Researchers found that a significant improvement in conductivity parallel to direction of alignment can be obtained by slightly restricting orientation of the uniform distribution. This improvement, however, comes at the expense of a larger drop in perpendicular conductivity. The general form of these results matches that demonstrated by researchers experimenting with carbon nanotube films. Surprisingly, it was found that the highly ordered second case is unable to outperform isotropic networks for any value of θ; thus demonstrating that continuous orientation configurations with some degree of randomness are preferable to highly ordered configurations.

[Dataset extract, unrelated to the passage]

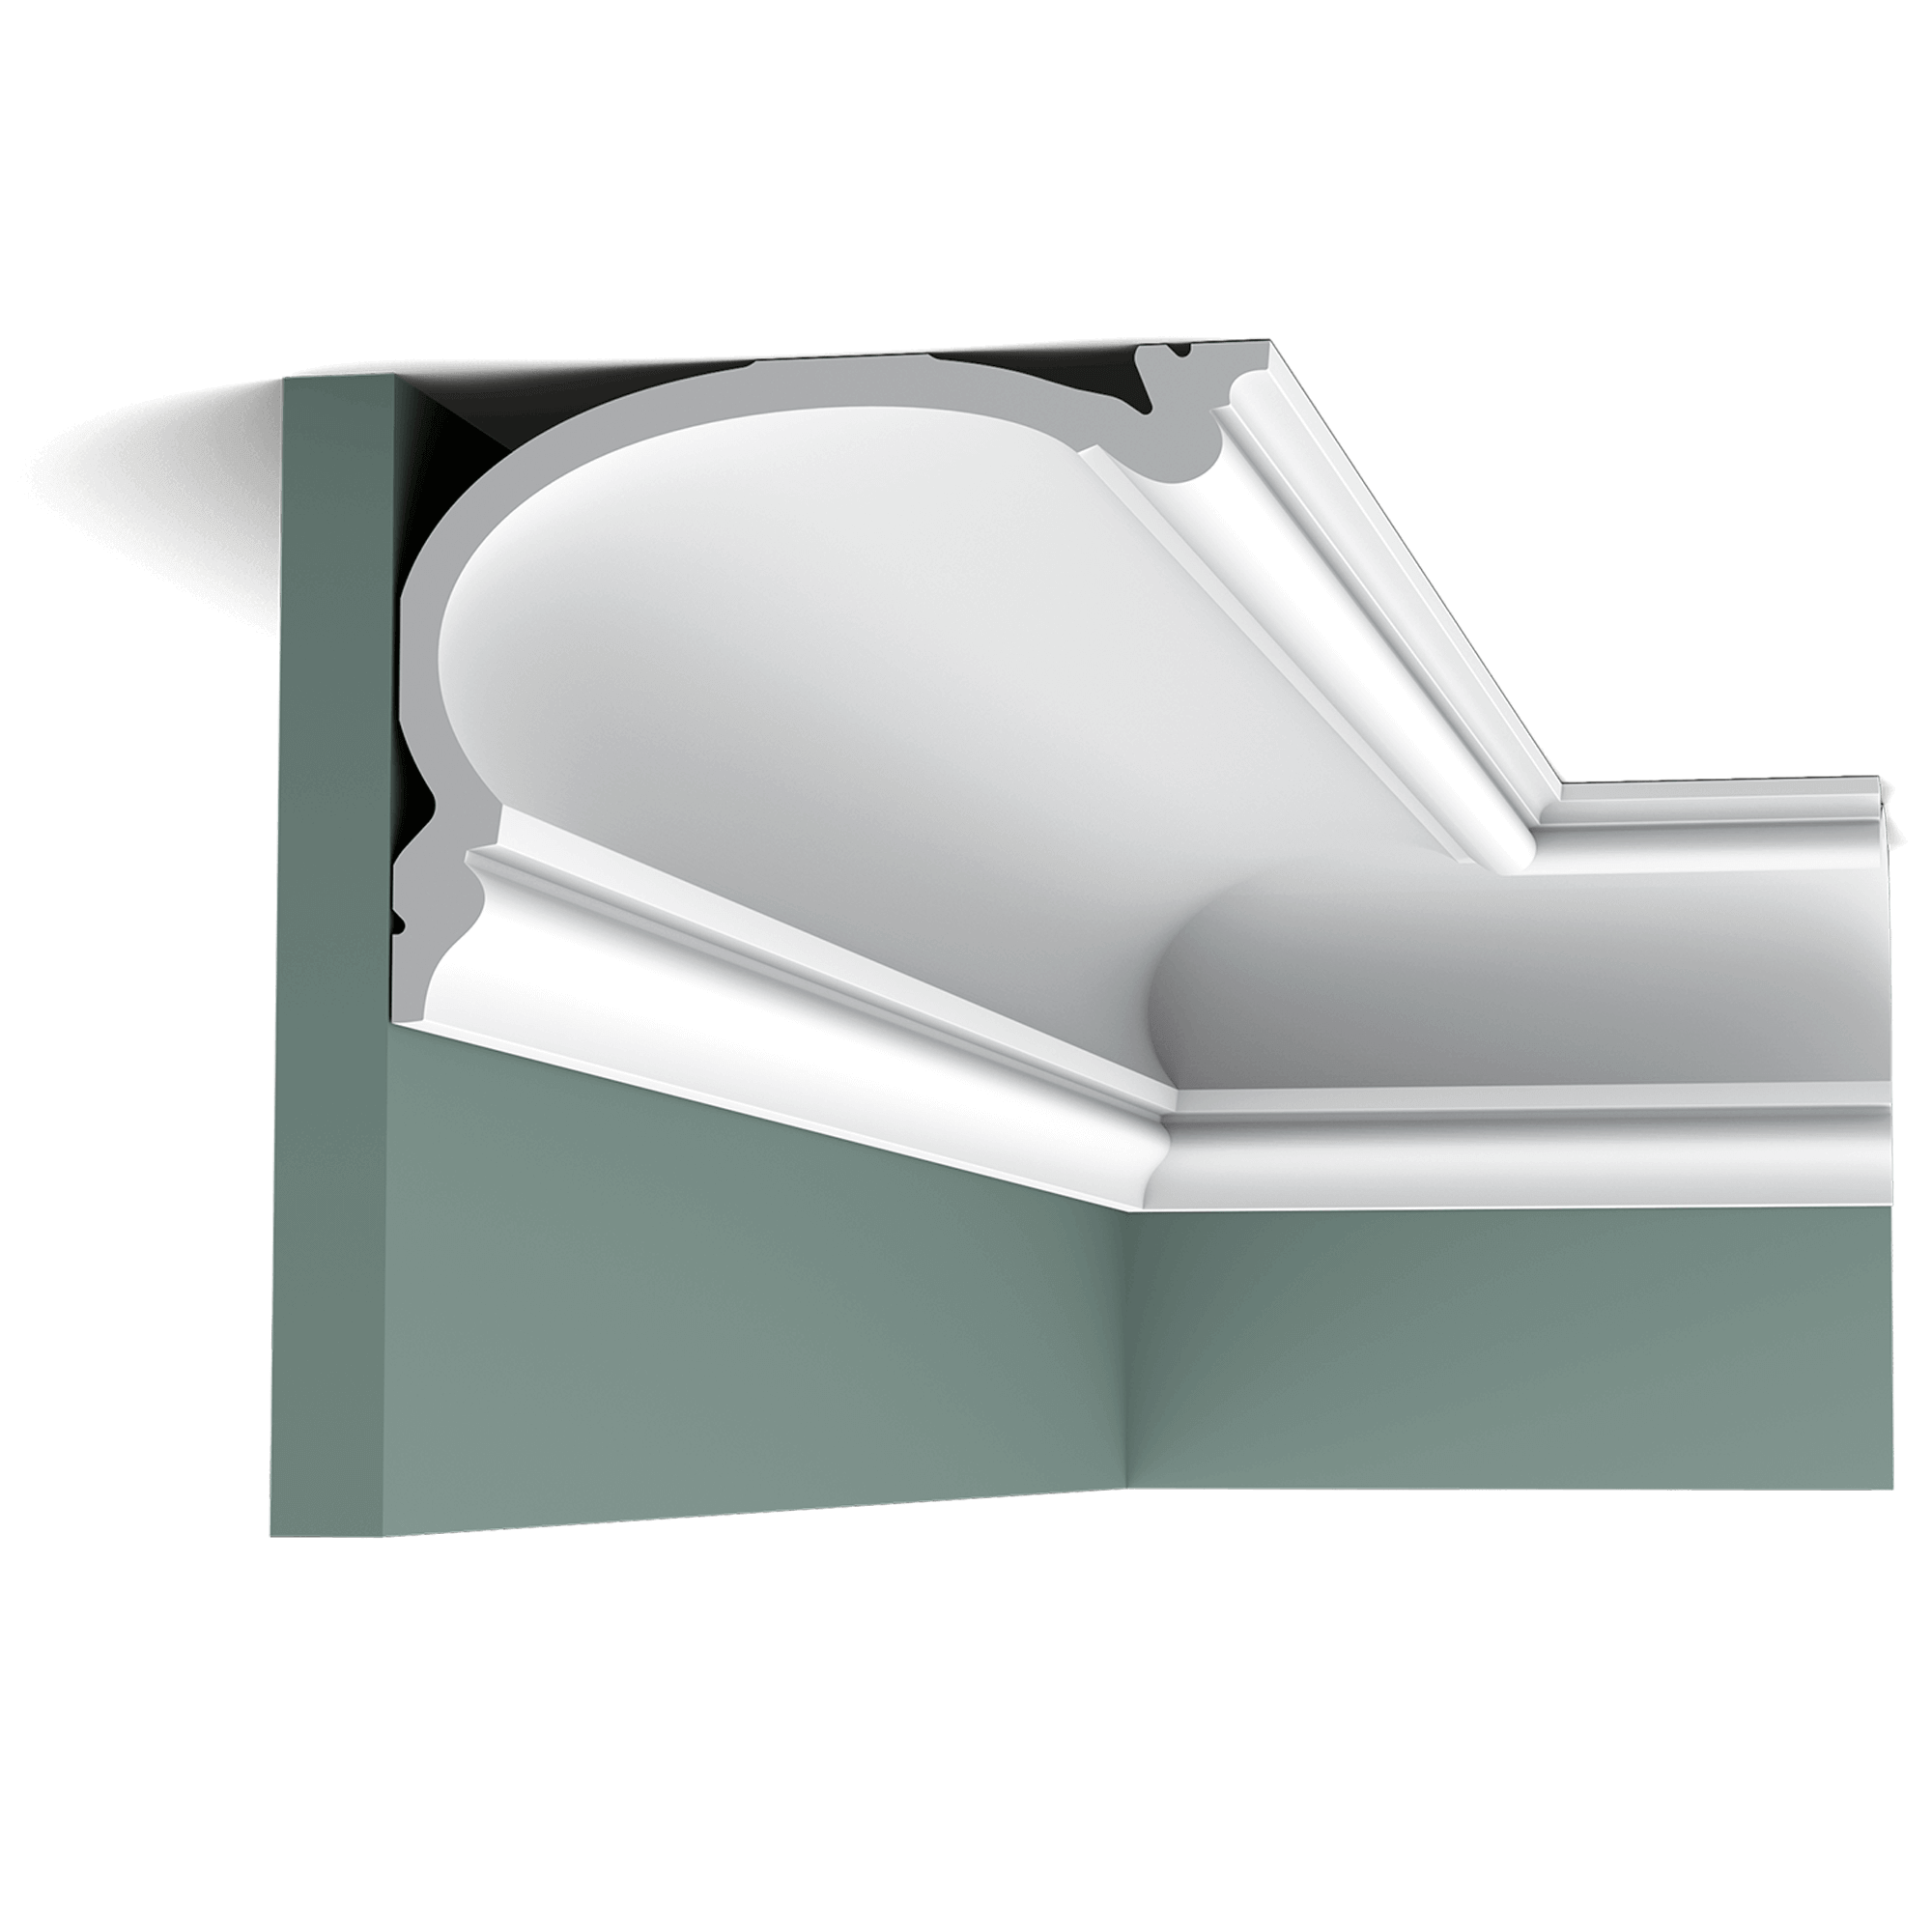 c342 cornice moulding e270 Second in line in the HERITAGE family. A stately classic cornice moulding inspired by the rich heritage of English country homes. Installation remark: It is necessary to screw this profile on the wall.

Prior research in this field has studied the effects of orientation on conductivity of 3D carbon nanotube composites, finding that a slight degree of alignment improves conductivity. Computational models have been used to study how percolation probability of 2D random rod dispersions is affected by rod orientation. Others have developed a more sophisticated computational model capable of calculating conductivity of 3D rod dispersions, again finding that a slight degree of axial alignment improves conductivity.
"Metal nanowire networks show great potential for application in various forms of technology," said Jagota. "This computational model, which has proven itself accurate through its good fit with previously published data, has demonstrated quantitatively how different orientation configurations can impact conductivity of metal nanowire networks."
"Restriction of orientation can improve conductivity in a single direction by significant amounts, which can be relevant in a variety of technologies where current flow is only required in one direction," said Tansu. "Surprisingly, heavily controlled orientation configurations do not exhibit superior conductivity; some degree of randomness in orientation in fact acts to improve conductivity of the networks. This approach may have tremendous impacts on improving current spreading in optoelectronics devices, specifically on deep ultraviolet emitter with poor p-type contact layer."
This work is supported in part by the National Science Foundation, the Daniel E. '39 and Patricia M. Smith Endowed Chair Professorship Fund, and Center for Photonics and Nanoelectronics at Lehigh University.
Tansu's research team at Lehigh works in the Laboratory for Emerging Photonics and Nanostructures and focuses on the physics and device technologies of semiconductor nanostructures for photonics and energy-efficiency applications. Tansu and his team employ fundamental knowledge derived from physics and chemistry in solving problems in engineering with technological impact. Several of the key applications they pursue include energy efficiency and renewable energy technologies including solid state lighting, solar cells, solar hydrogen, thermoelectricity, as well as deep UV emitters, terahertz photonics and semiconductor lasers for communications.